By now, high school seniors have (hopefully) completed their college applications. Scores, grades, and letters of recommendation submitted, essays written, edited, and rewritten, application fees charged to the credit card — students are now left waiting for their acceptance. Or rejection.

Whether it’s a “reach,” “target,” or “safety” school, Amy Diluna says a rejected college application can be crushing to the teen applicant:

[T]o a teen who is presenting very personal information to strangers for evaluation for the first time, coming away with an intact spirit in the event of a rejection is easier said than done.

And many high school seniors are putting themselves out there now, as early decision and early action deadlines loom.

“To suggest that 16 and 17-year-olds aren’t going to take this to heart is unrealistic,” said Lisa Sohmer, director of college counseling at The Garden School in Queens, New York. “It is disappointing, and it is a rejection. And in high school, all of the rejections mean more.”

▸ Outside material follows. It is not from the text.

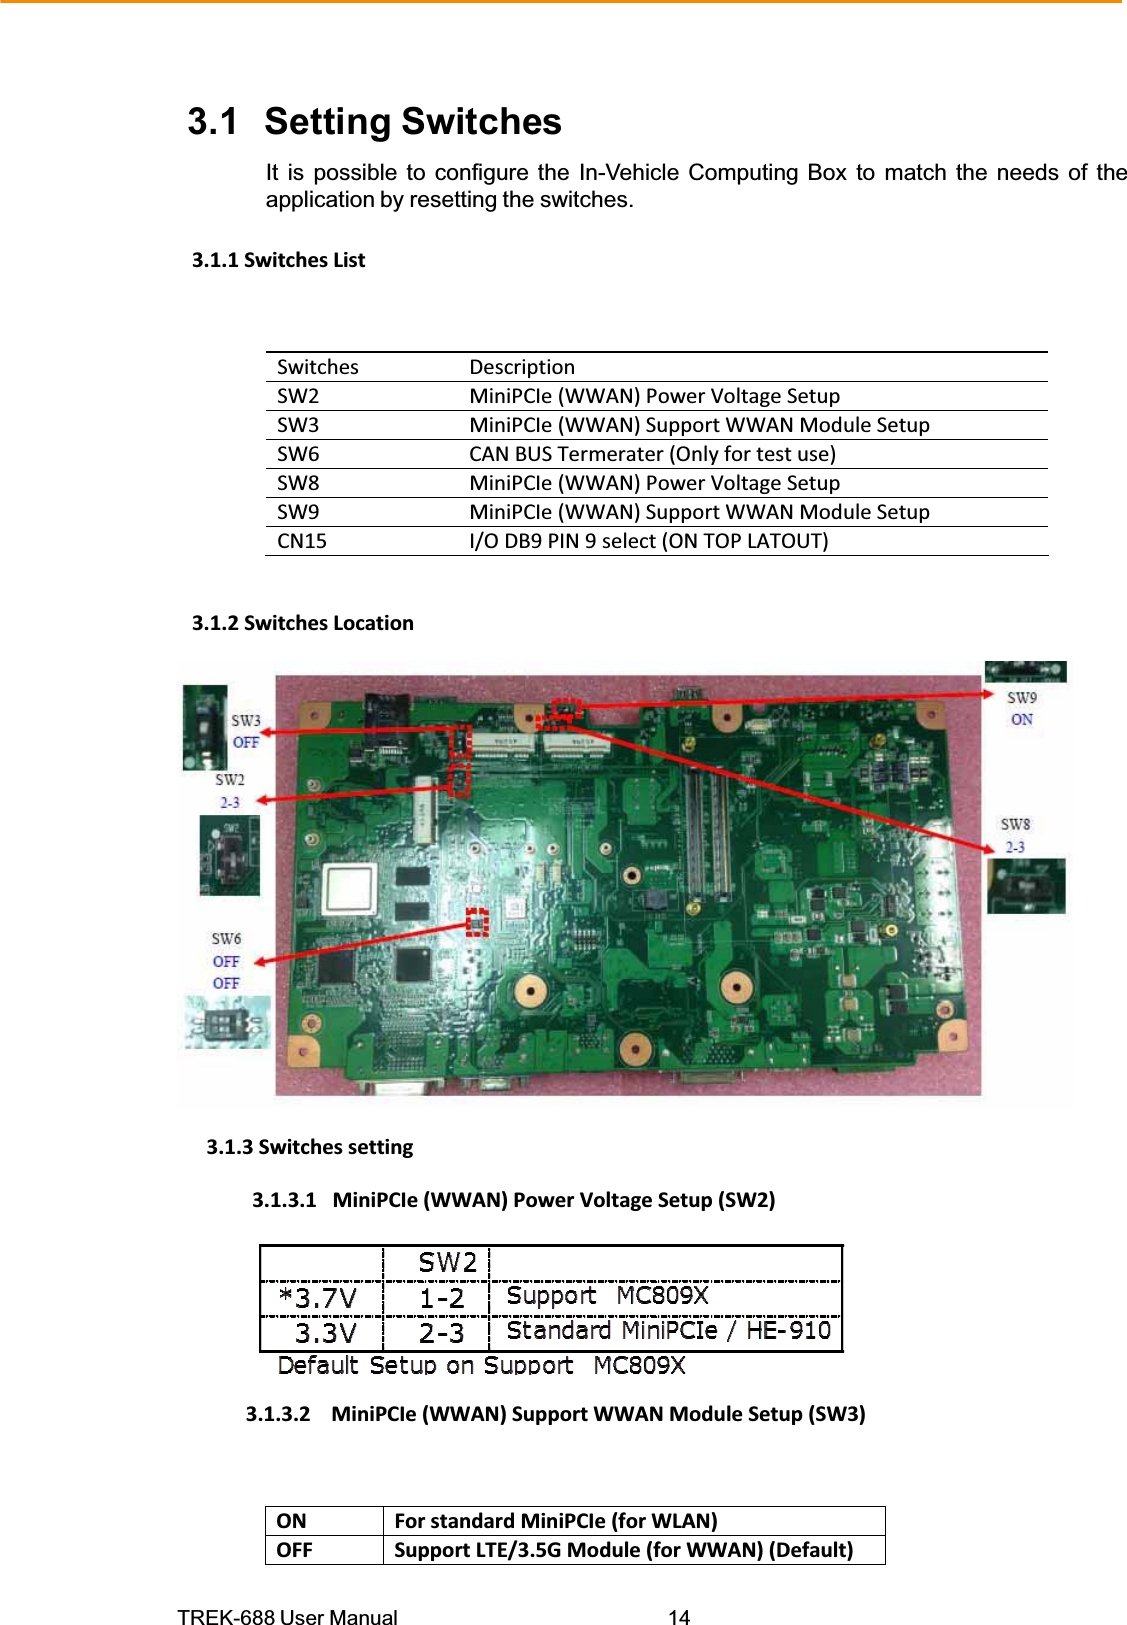 TREK-688 User Manual  143.1 Setting Switches It is possible to configure the In-Vehicle Computing Box to match the needs of the application by resetting the switches. 3.1.1SwitchesListSwitches DescriptionSW2 MiniPCIe(WWAN)PowerVoltageSetupSW3 MiniPCIe(WWAN)SupportWWANModuleSetupSW6 CANBUSTermerater(Onlyfortestuse)SW8 MiniPCIe(WWAN)PowerVoltageSetupSW9 MiniPCIe(WWAN)SupportWWANModuleSetupCN15 I/ODB9PIN9select(ONTOPLATOUT)3.1.2SwitchesLocation3.1.3Switchessetting3.1.3.1MiniPCIe(WWAN)PowerVoltageSetup(SW2) 3.1.3.2MiniPCIe(WWAN)SupportWWANModuleSetup(SW3) ON ForstandardMiniPCIe(forWLAN)OFF SupportLTE/3.5GModule(forWWAN)(Default)

As colleges become more selective than ever, thanks to an ever-growing pool of applicants to each program, high schoolers should certainly steel themselves for some tough emotions.

 

Dilute talks to experts who advise parents to chill (your student will work through the rejection, realize that life goes on, and get over it), and students to stay off very public social media sites (posting too much will only lead to increased attention and embarrassment over the rejection). Keeping a bit of perspective and knowing that the application rather than the person was rejected can help:

“These highly selective, highly competitive schools couldn’t possibly take all the qualified applicants,” Sohmer said. “Being denied at one of these schools does not mean the student is not qualified, does not mean they couldn’t do the work there, and be really successful there. But they simply, because the supply of qualified kids is too high for them to accommodate, have to start looking at things other than pure academic qualifications.”

 

Admission to your number one choice, Diluna says, is sometimes like winning the Powerball:

“When only 1 in 10 or 1 in 20 applicants get admitted, it is closer to a lottery,” said Jim Jump, director of college counseling at St. Christopher’s School in Virginia. “As a counselor, my advice to students and parents mirrors the Serenity Prayer. Focus and worry about the things over which you control, and not over those you don’t. Getting into a particular school is one of those.”

 

Most of all, these experts say, stay positive! Your student has done a lot of hard work in school and through the application process. There are always options which will work out well if your child is ready to move forward rather than dwell on the rejection. The next big opportunity may be right around the corner, and the optimist — the one with an open mind — will probably be the first to grab it!